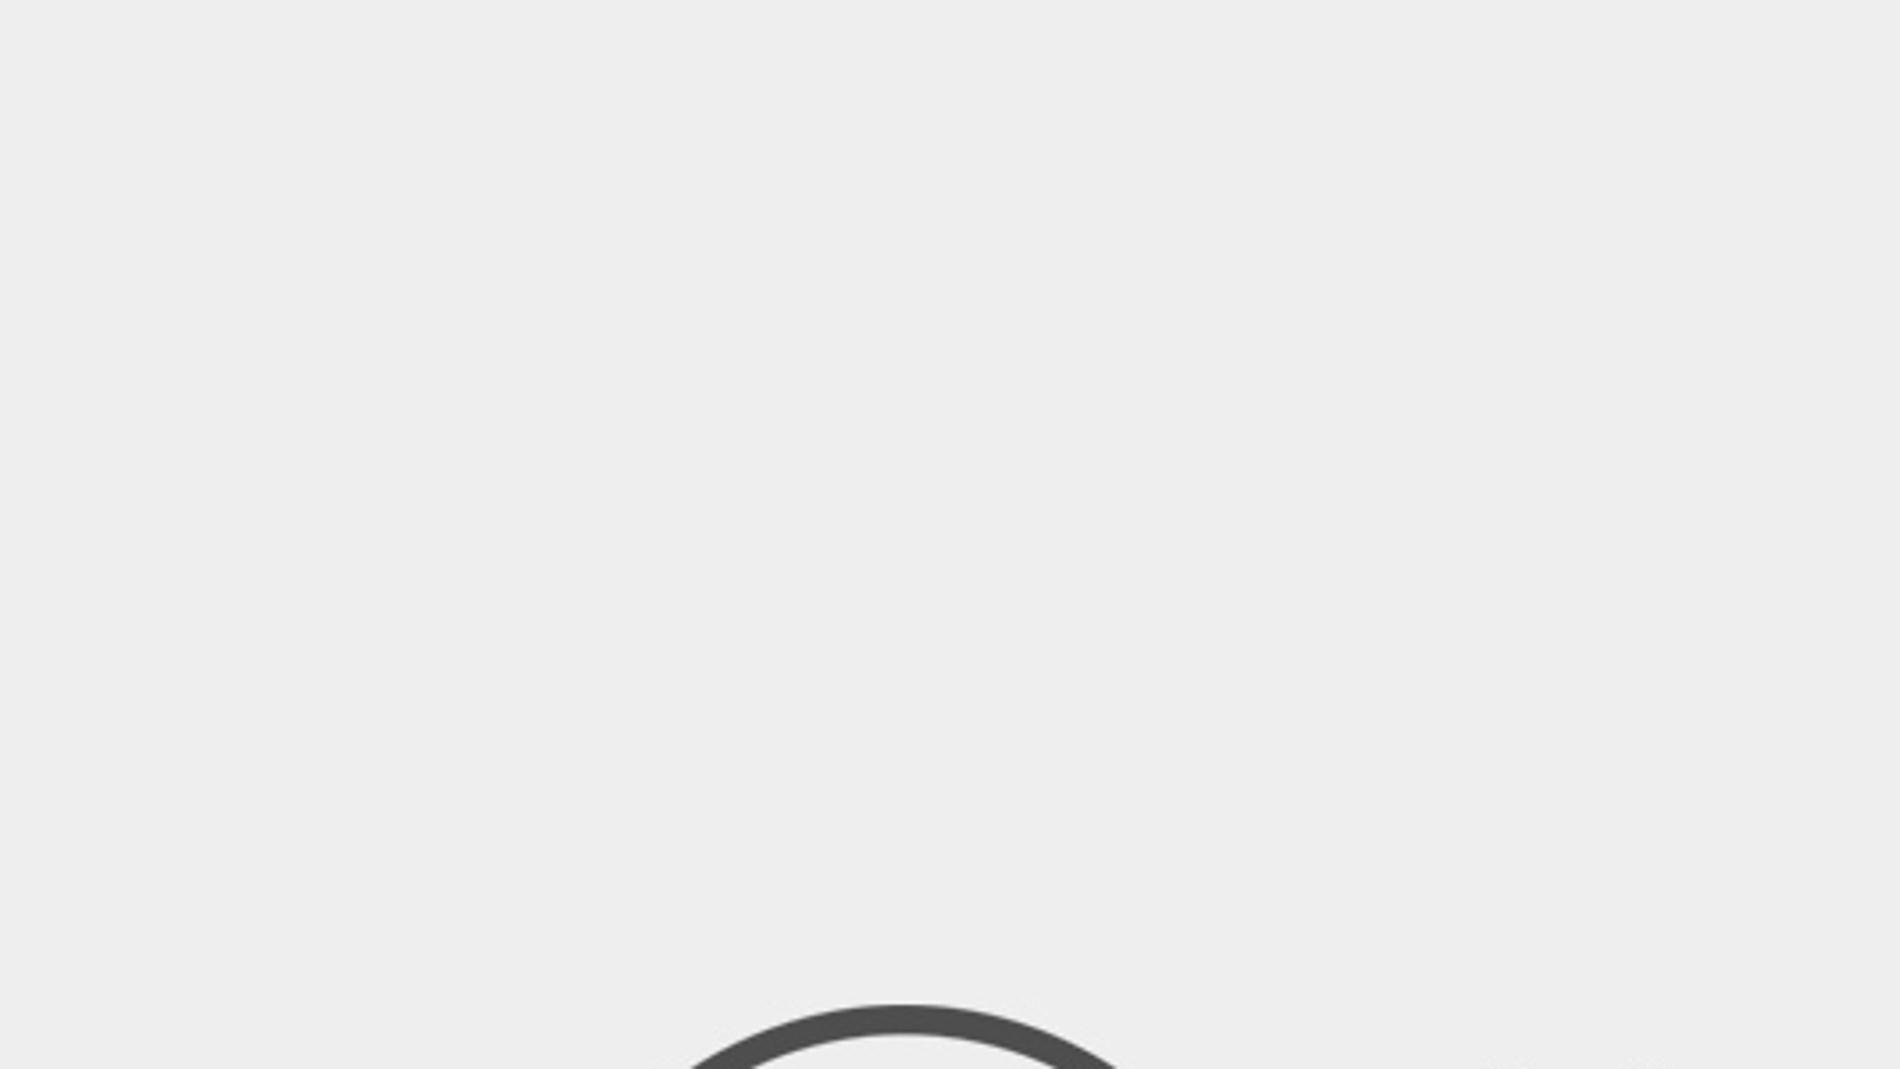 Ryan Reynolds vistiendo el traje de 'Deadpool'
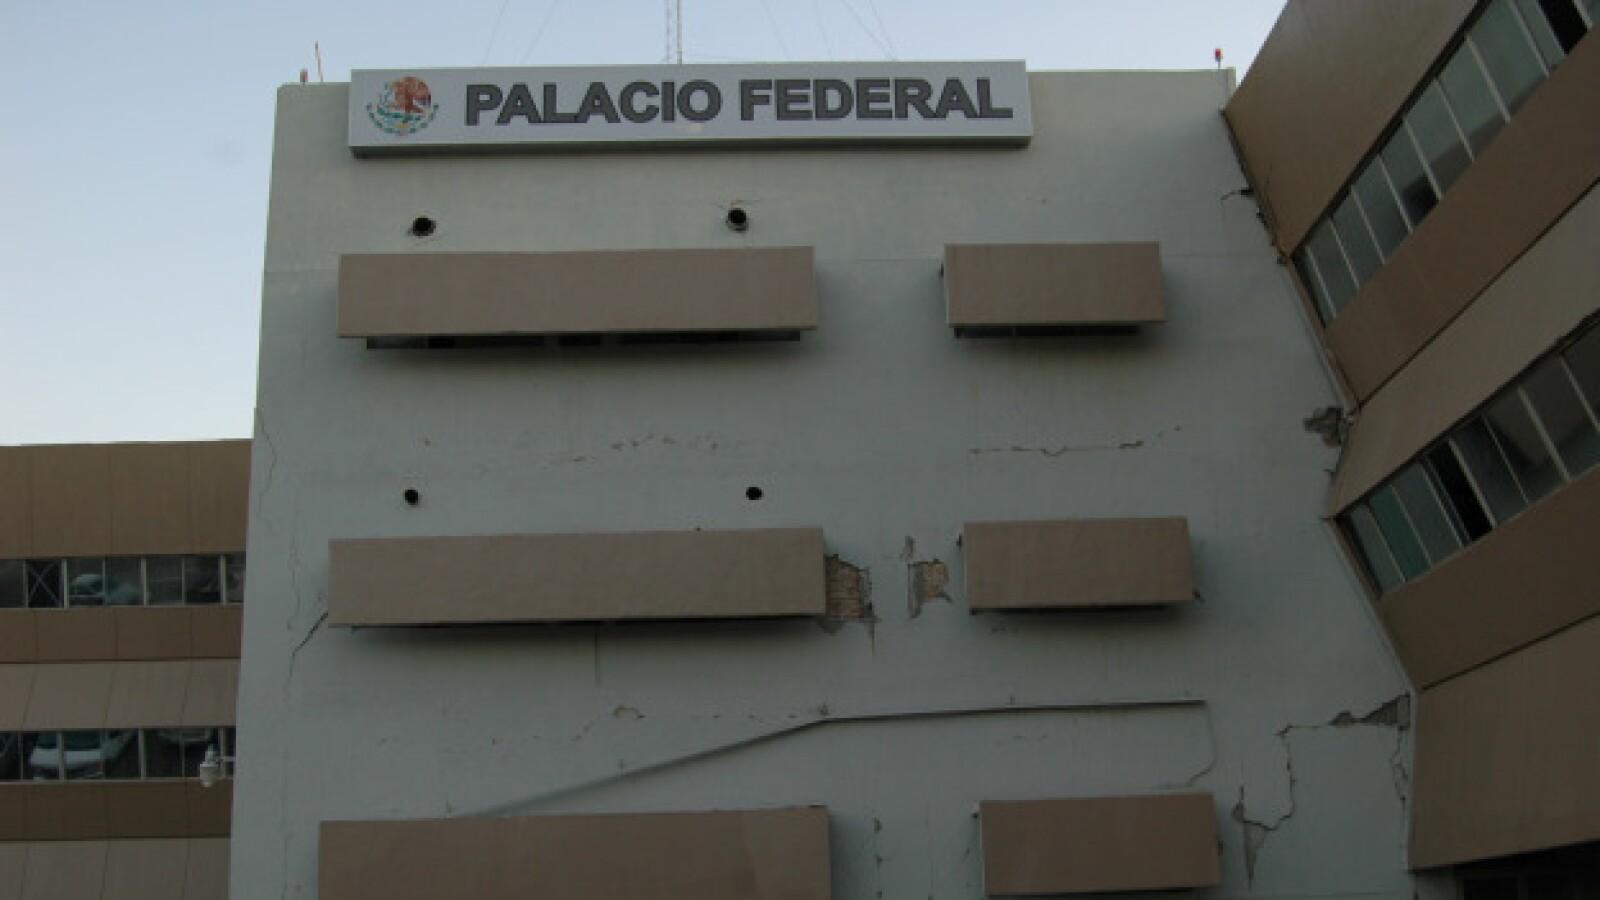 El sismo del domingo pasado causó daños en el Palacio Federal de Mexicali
...
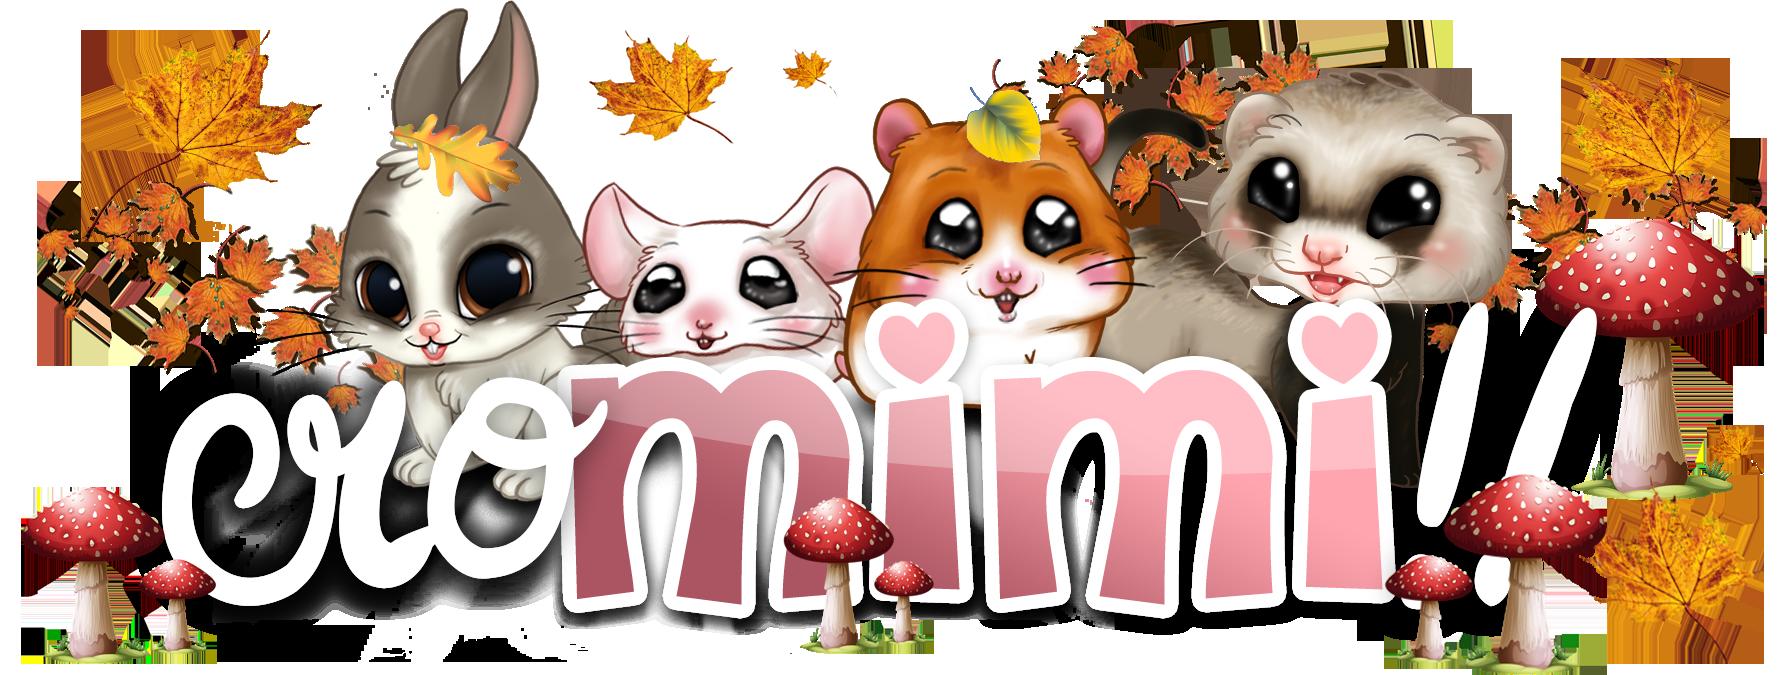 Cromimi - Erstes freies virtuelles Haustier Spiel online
==
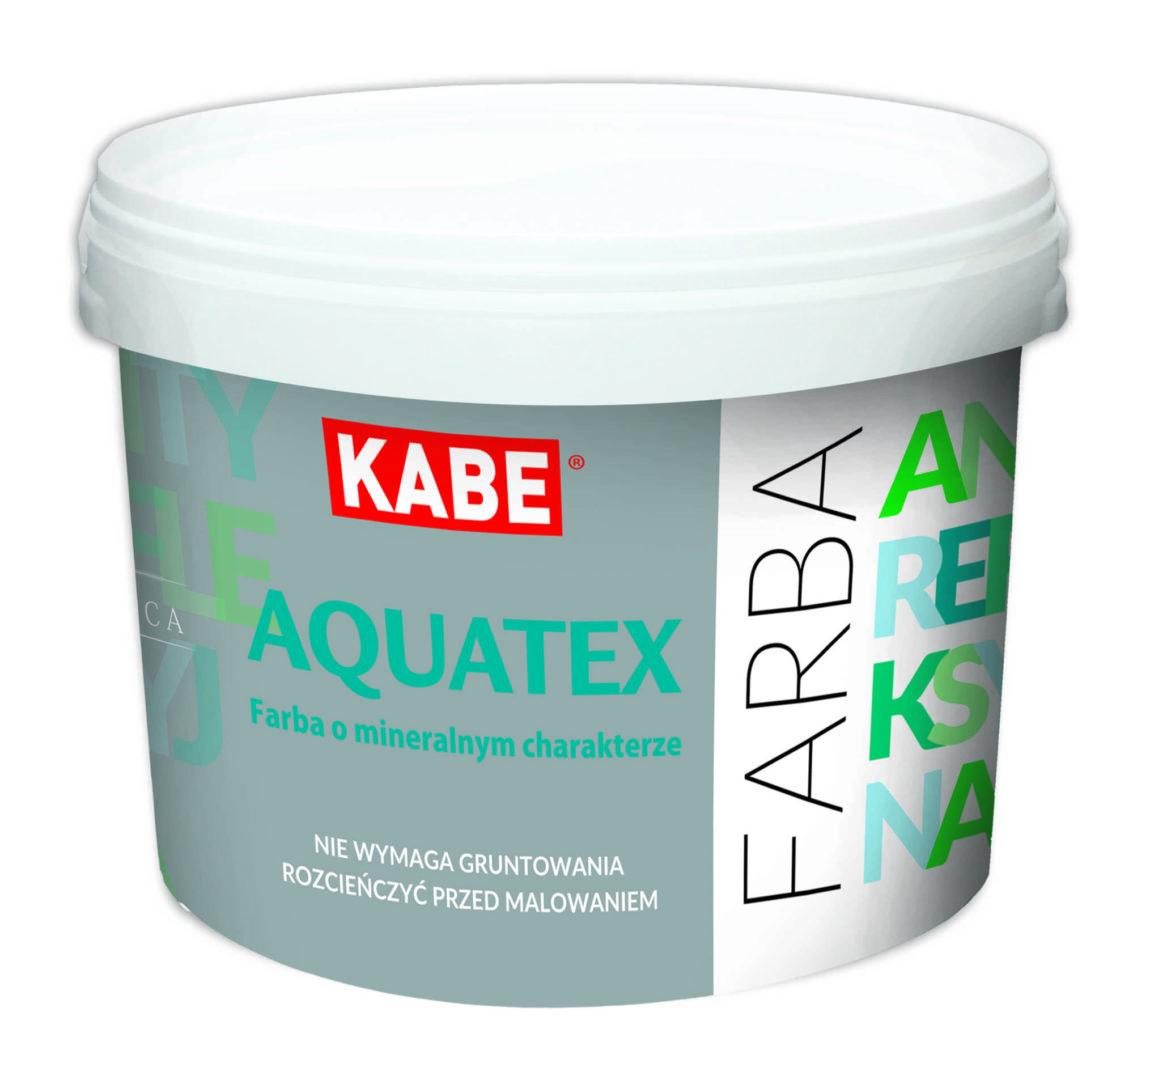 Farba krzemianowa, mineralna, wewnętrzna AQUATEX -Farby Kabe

— WHAT NEEDS TO BE DONE —
Among the entries above, take the lines from the one with "Ryan Reynolds vistiendo" through the one with "El sismo del" and retype them exactly, leaving out the pictures.

— WRITTEN REPLY —
 Ryan Reynolds vistiendo el traje de 'Deadpool'
 El sismo del domingo pasado causó daños en el Palacio Federal de Mexicali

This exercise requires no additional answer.